We're investigating an issue in which users may be unable to access Microsoft 365 services and features. We'll provide additional information as soon as possible.
— Microsoft 365 Status (@MSFT365Status) April 1, 2021
In order to mitigate the impact of the issues, Microsoft “engaged resilient DNS capabilities to absorb the spike in DNS traffic,” the company said.
CRN has reached out to Microsoft seeking further details.
Ryan Loughran, reactive service manager at Valiant Technology, a New York-based MSP, said his team was holding its daily standup meeting over the Teams app on Thursday when the issues occurred.
“The meeting started normally and as it was going on I was logging into a client’s O365 Admin Portal to check something out.
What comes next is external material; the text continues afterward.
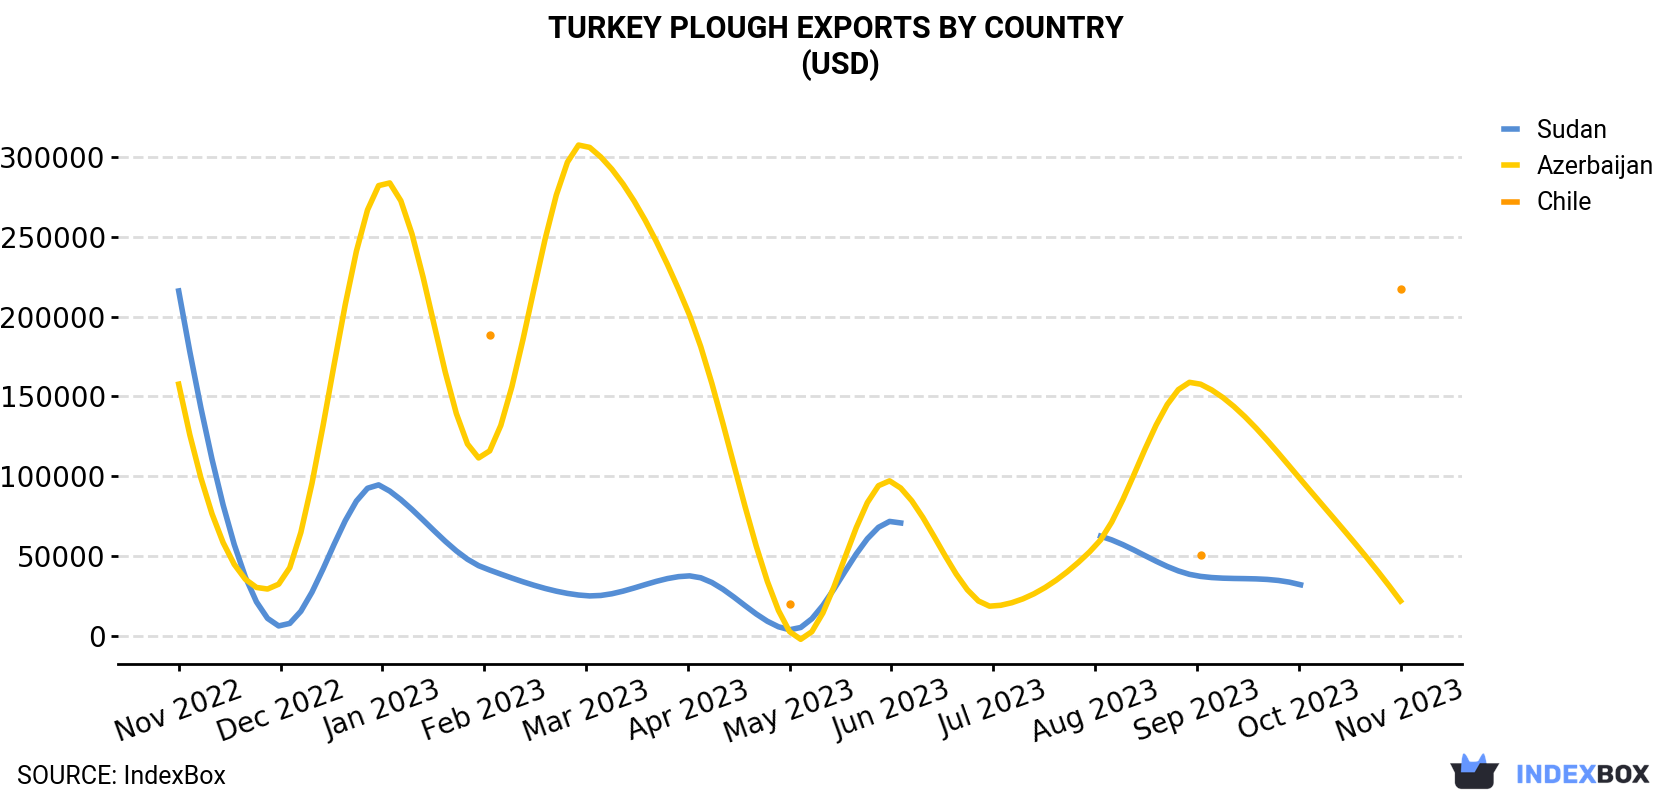 Turkey Plough Exports By Country (USD)

It let me log in, but then going to the actual admin console kept failing. I tried a different browser and got the same thing,” Loughran said. “Then, everyone on Teams froze for me. I tried to re-join the meeting, but couldn’t. Then, I got the ‘we ran into some issues’ banner in Teams and I figured everything was down.”
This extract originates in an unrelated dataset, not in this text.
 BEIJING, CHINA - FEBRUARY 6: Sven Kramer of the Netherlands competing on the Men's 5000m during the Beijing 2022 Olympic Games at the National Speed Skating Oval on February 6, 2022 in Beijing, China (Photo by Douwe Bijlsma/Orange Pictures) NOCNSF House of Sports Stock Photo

Loughran said that he sends out a message to clients any time there is an outage for a platform that Valiant manages.
“Thankfully, email was still working -- so at around 5:40 p.m. EST I sent one out to our clients. I would say the majority of our clients on are O365 and use Teams heavily,” he said. “I got quite a few replies back stating that they were experiencing the issue and appreciated the communication.”
Fortunately, the outage occurred at the end of the business day for East Coast clients -- though several clients with operations on the West Coast lost communication and had to revert to texting or using Slack, Loughran said.
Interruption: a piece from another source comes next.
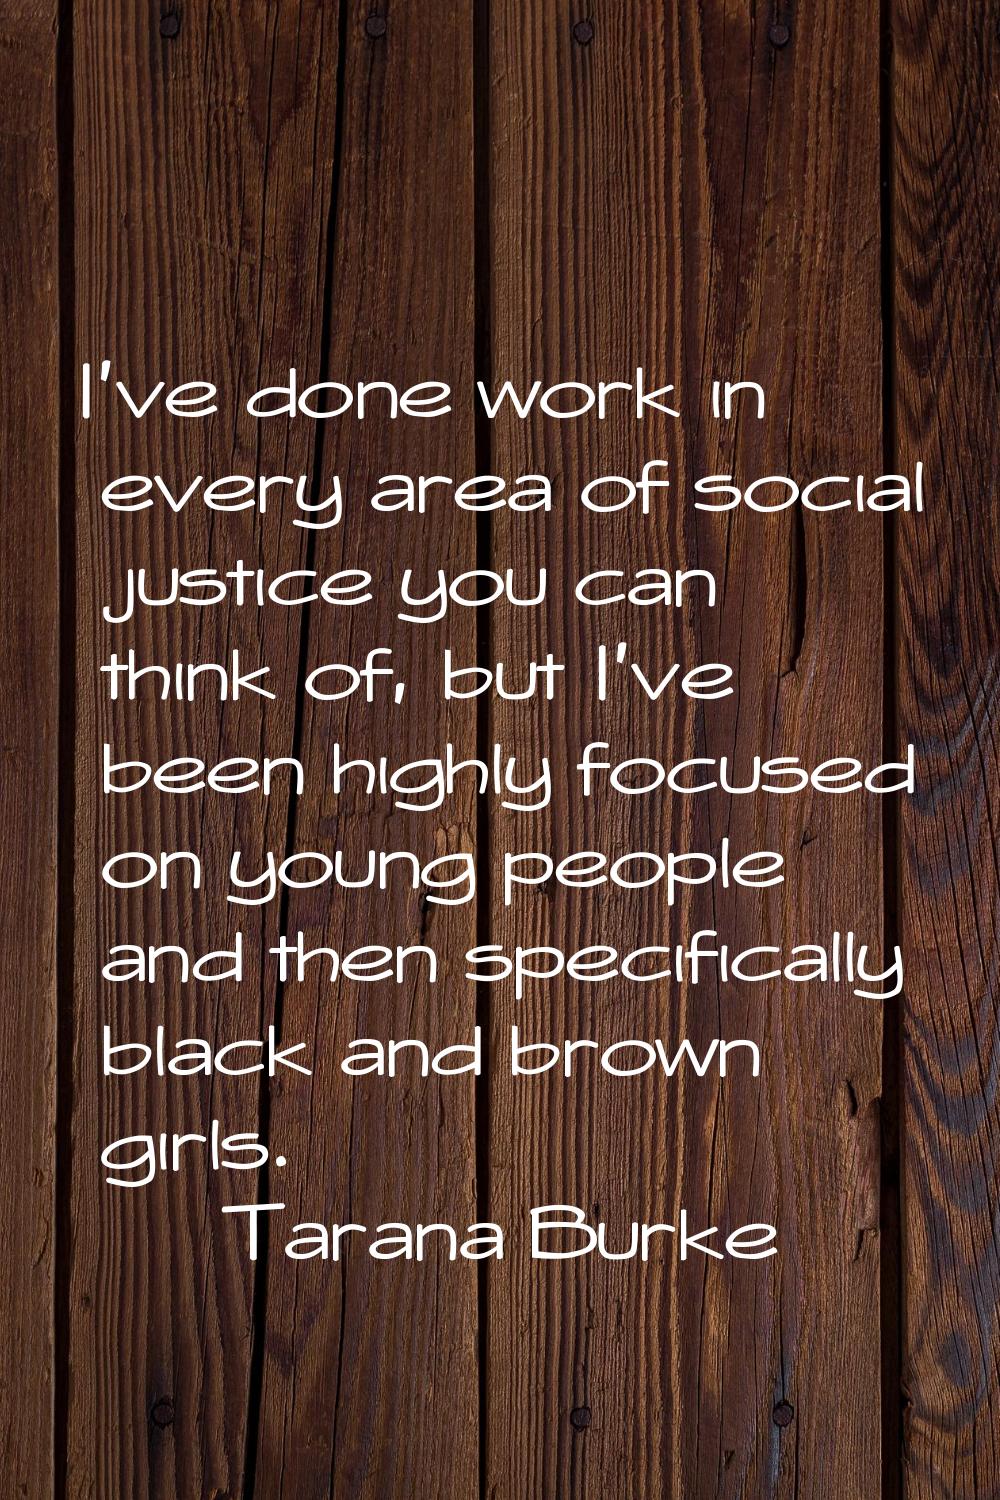 I've done work in every area of social justice you can think of, but I've been highly focused on yo

Ultimately, “it’s disappointing that there has been a string of outages lately, much more than usual,” he said. “I really hope Microsoft steps up its communication efforts though. I had to rely on open source intel rather than an update on the O365 status page -- which was down -- or one of their Twitter accounts.”
At Atlanta-based solution provider ProArch, clients and services “experienced intermittent disruption from this DNS outage that was geo-specific”--with different geographies seeing varying issues, said Ben Wilcox, ProArch’s senior vice president of solution architecture.
One takeaway is that it’s important to monitor cloud services using a third-party monitoring service, Wilcox said.
“This will help with SLA adherence and credits requests for missing SLAs,” he said. “These services typically can provide faster outage notifications than Microsoft. And you can use these services too for building notification plans for outages of the cloud, based on your business impact analysis or disaster recovery plan.”
The issues on Thursday followed Microsoft’s March 15 outage that had impacted “any service” that uses Azure Active Directory, Microsoft’s widely used identity authentication solution.
During that outage, Microsoft indicated that the biggest impact was on Teams -- an essential tool for countless businesses with its chat, audio and video calling, and document-sharing functionality.
With the outage Thursday, it’s at least the fourth time that major issues have affected Teams since the beginning of February.
Teams -- which is part of Microsoft’s Office 365 suite of productivity apps -- had reached 115 million daily active users worldwide as of late October, Microsoft disclosed at the time. That was a more than 5X increase from roughly a year earlier, when Teams had 20 million daily active users, according to Microsoft.
An IT director, who was impacted by the outage Thursday and did not want to be identified, said he believes Microsoft is struggling to keep pace with the rapid growth of Teams.
“It looks to me like a breakdown in their software code change control procedures as a result of rapid Teams usage and growth,” said the IT director. “The DNS issue seems like another example of that.”
The IT director said the recent uptick in Azure outages is troubling. “They are going to have to figure this out real quick,” he said. “I know they have a lot on their product road map with Teams, but I would rather have them slow things down and get it right rather than put out updates that could be causing issues.”